Aux XIe et XIIe siècles, les grands seigneurs et les évêques poursuivent le travail de mise en culture et de valorisation de la vigne, source d'un bon rapport financier. Les bourgeois de la ville leur emboîtent le pas. Ils réclament l'affranchissement des servitudes féodales et exigent notamment que les portes de la ville restent ouvertes pendant les vendanges : ainsi le pouvoir royal ne peut contrôler les quantités récoltées dans le but de leur appliquer une taxe. Les notables locaux établissent leur contrôle de la qualité des crus en créant une police des vignes, et prélèvent des droits sur la vente de tous les vins transitant par la ville.

Du XIIe au XVe siècle, la réputation du vin s'étend et le territoire viticole gagne en surface : de Châteauneuf-sur-Loire à Beaugency, les vignobles s'étendent sur plus de quatorze lieues. On construit pressoirs, cuves, bâtiments vignerons et vaisseaux (autre nom pour désigner le muid ou la pièce de vin)... Désormais, le vin est pressé sur le lieu de récolte et non plus au coeur de la ville. À la fin du Moyen Âge, le vignoble orléanais est comparable, en puissance et en richesse, à celui du Bordelais au milieu du XXe siècle.

Les bons cépages du Moyen Âge

À partir du XIe siècle, la production de vin gagne en qualité et en quantité. Une bonne partie des vignobles qui deviendront célèbres existe déjà. Certains cépages d'alors sont encore connus de nos jours, comme le gamay ou le meslier.
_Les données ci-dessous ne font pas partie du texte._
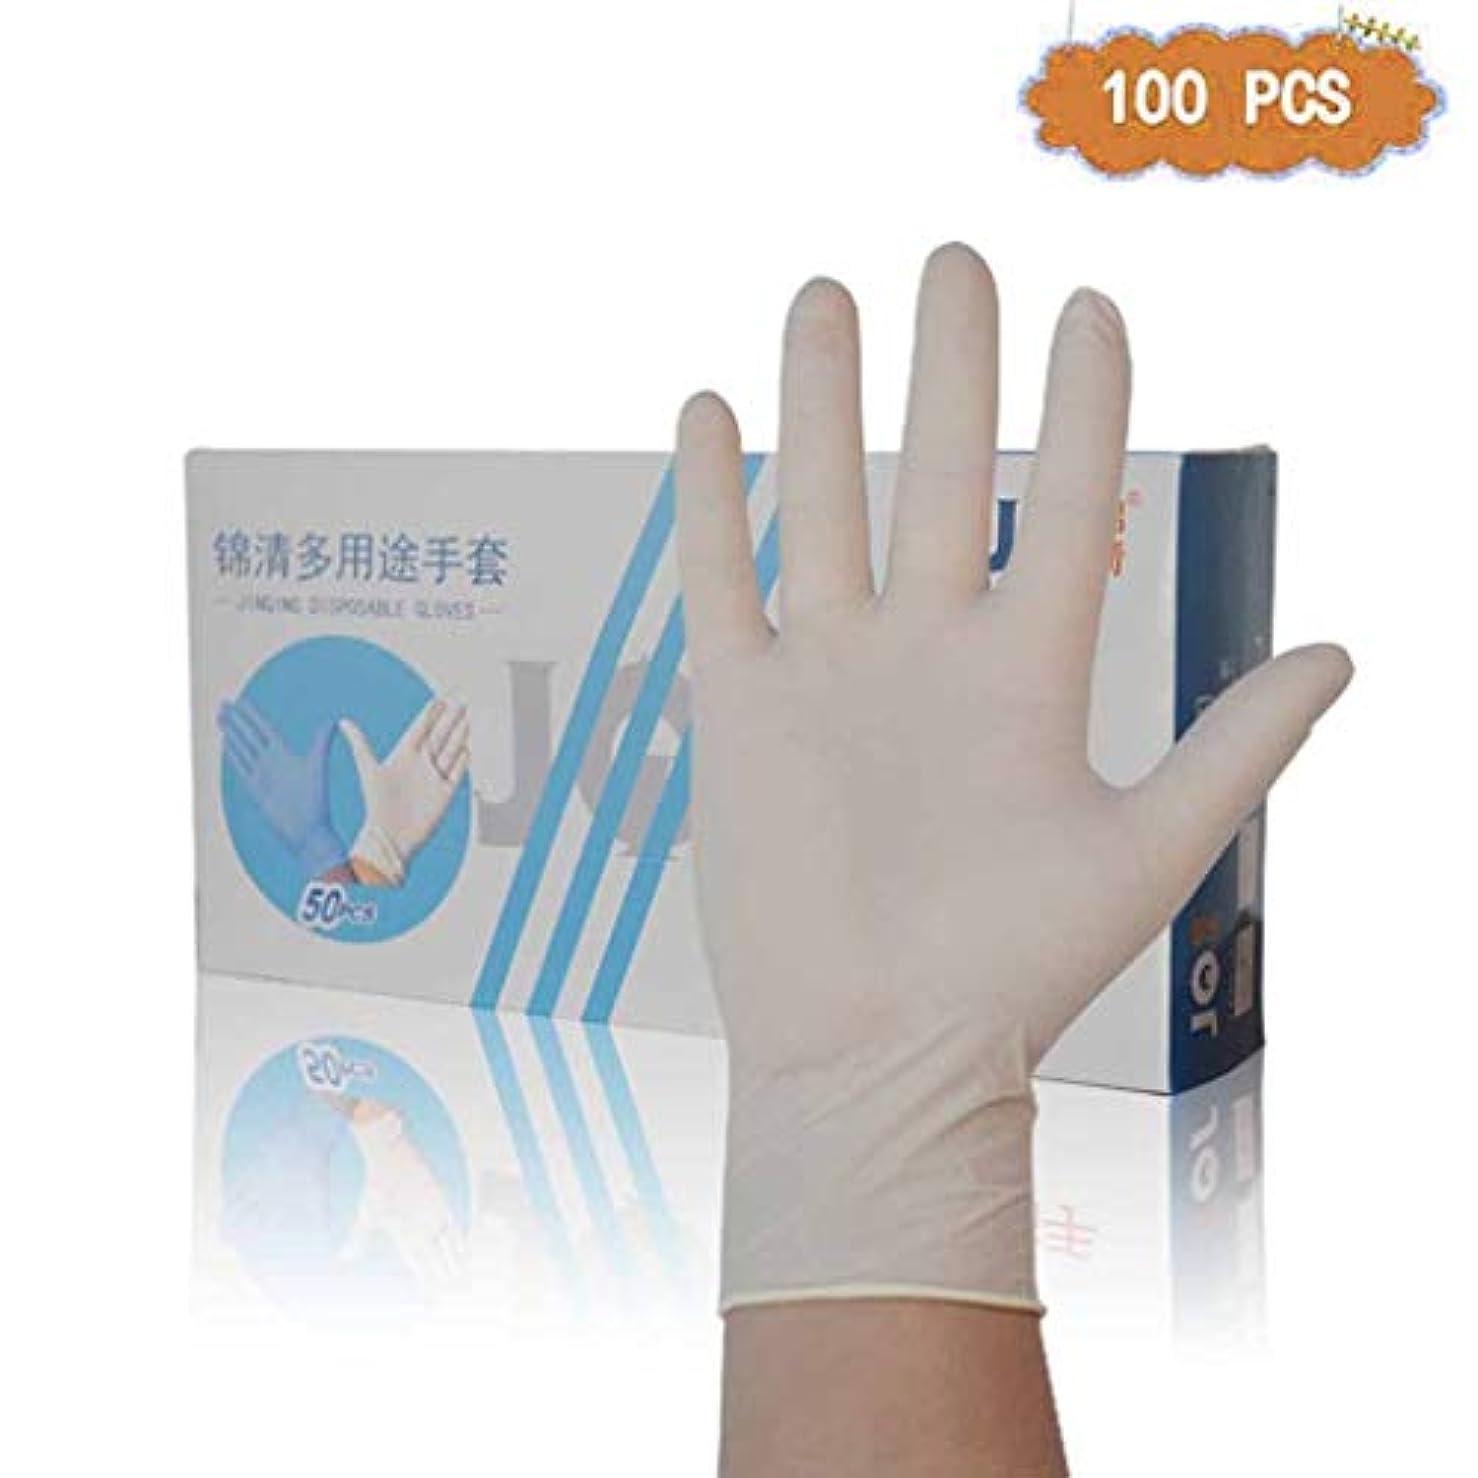 目に見える傾くコンセンサス白いラテックス使い捨て手袋食品ケータリングニトリルゴムクリーニング帯電防止テストゴム義務試験手袋|病院向けのプロフェッショナルグレード (Size : S)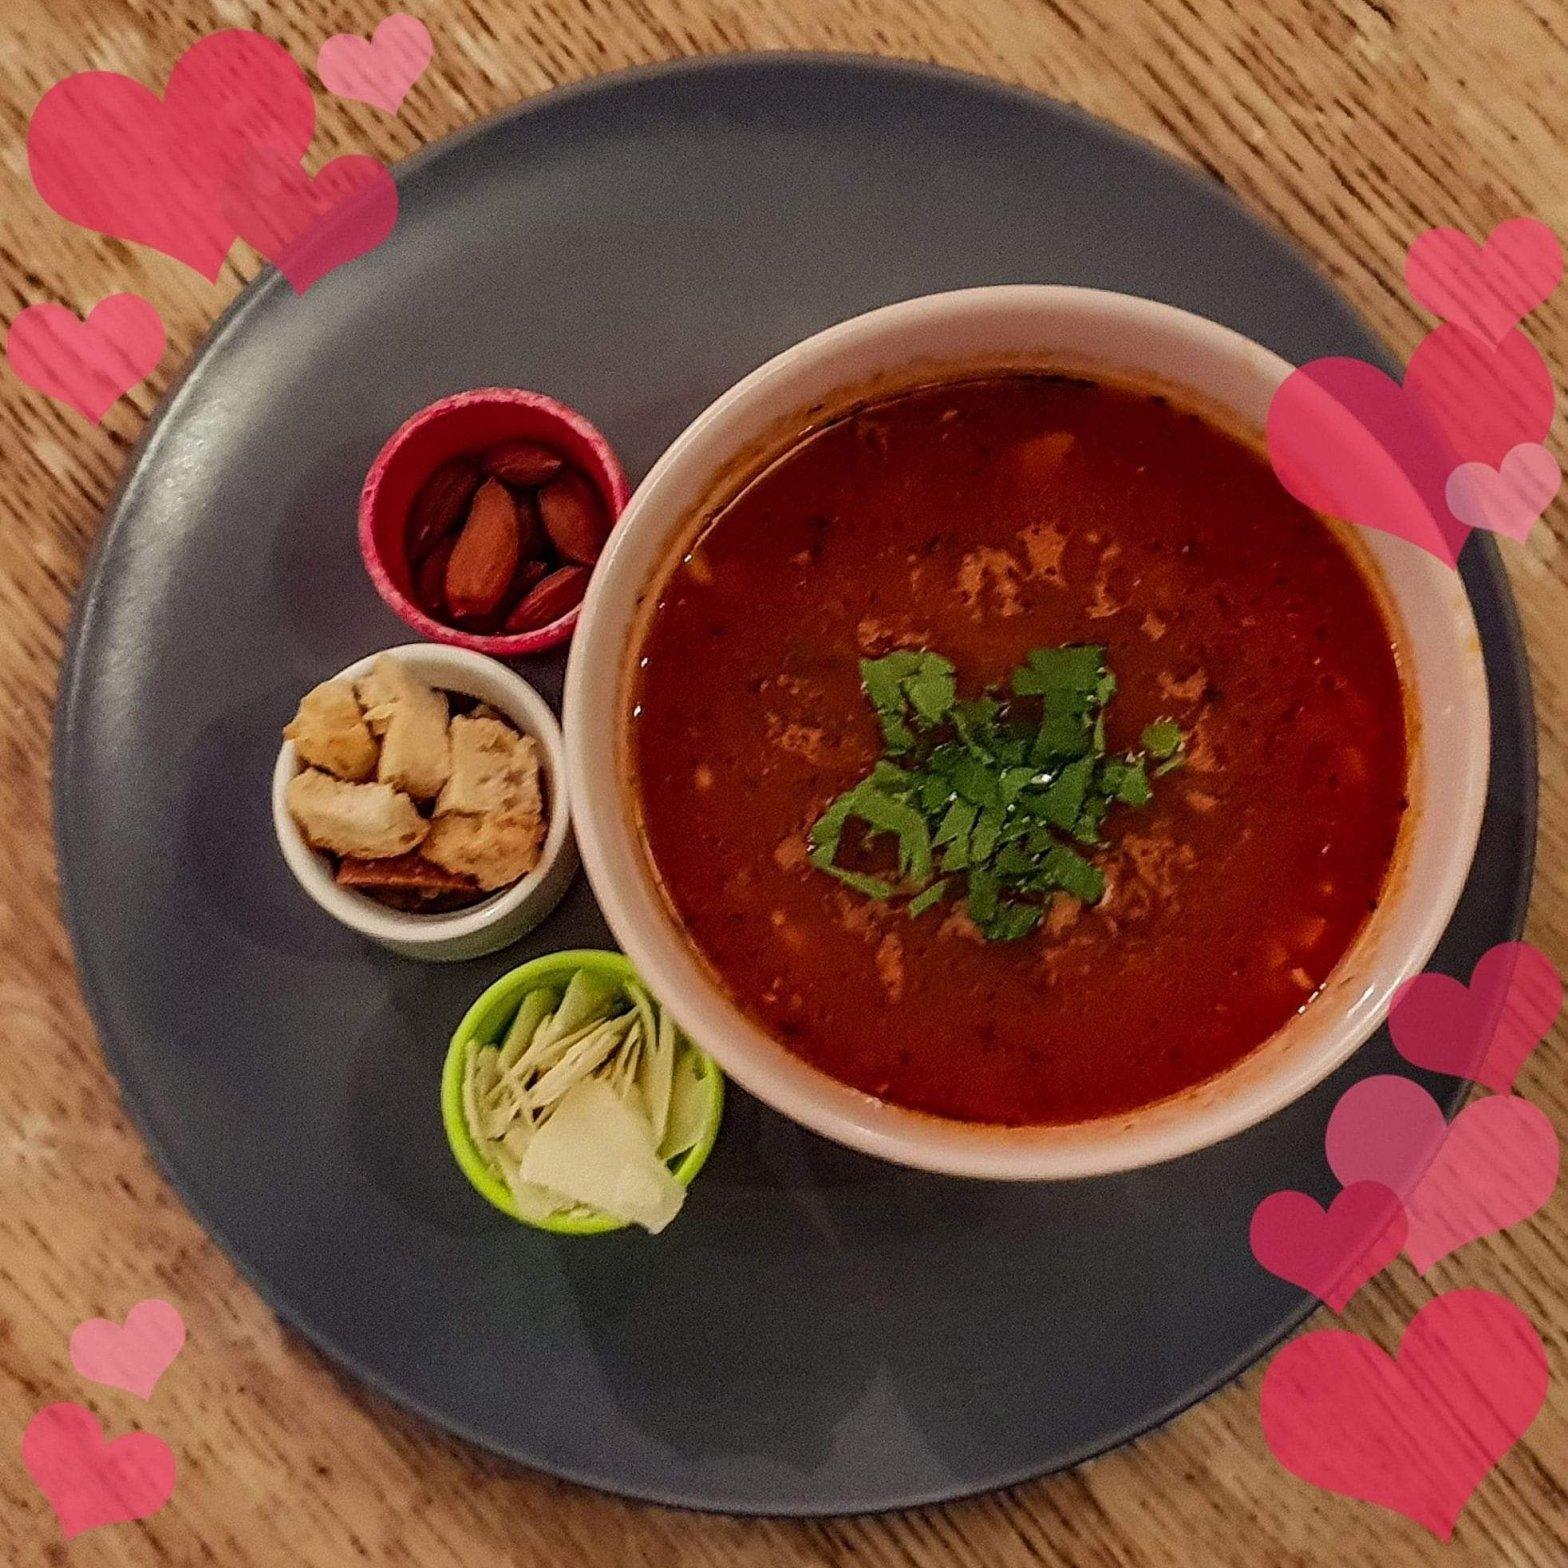 Tomatsoppa utan grädde med vita bönor, rostade mandlar, parmesan och krutonger på restaurangen Farbror Nikos i Slussen på Södermalm

Dans la partie nord de la France, de Nantes à Metz, on retrouve les mêmes variétés. Les Coutumes de Beauvaisis, recueil de textes juridiques de tradition orale, mentionne le fromentel, le morillon et le gouais, comme étant les plus répandus au XIIIe siècle : le premier donne le meilleur vin blanc, le deuxième le meilleur vin rouge, et le troisième un vin résistant appelé « gros noir » par les Parisiens. Les comptes seigneuriaux d'Île-de-France confirment la valeur et l'extension du morillon, cépage réputé en Bourgogne sous le nom de pinot, et dans l'Orléanais sous celui d'auvernat.

En général, la clientèle fortunée préférait alors les vins blancs. Des cépages blancs étaient plantés de Paris jusqu'en Bourgogne, tels le savinien, le rochelle, ou le folle blanche. Des plants plus médiocres, très répandus dans les vignes paysannes, produisaient des vins de moindre qualité : le gamay et le samoureau donnaient des rouges, le meslier des blancs.

Dans la partie méridionale du pays, le gamay domine dans la région lyonnaise, et le viognier et le serine noire (syrah) dans la vallée du Rhône.

Au nord comme au sud, tous ces cépages se maintiendront jusqu'à la grande crise du phylloxéra, à la fin du XIXe siècle.

Le saviez-vous ?

Claret, clairet

Claret est le nom que les Anglais donnent aux vins rouges, et particulièrement aux Bordeaux depuis le Moyen Âge.

Clairet, lorsque cet adjectif est employé pour qualifier un vin, désigne sa couleur rouge clair. Le clairet (substantif) n'est cependant pas un rosé mais un vin rouge léger.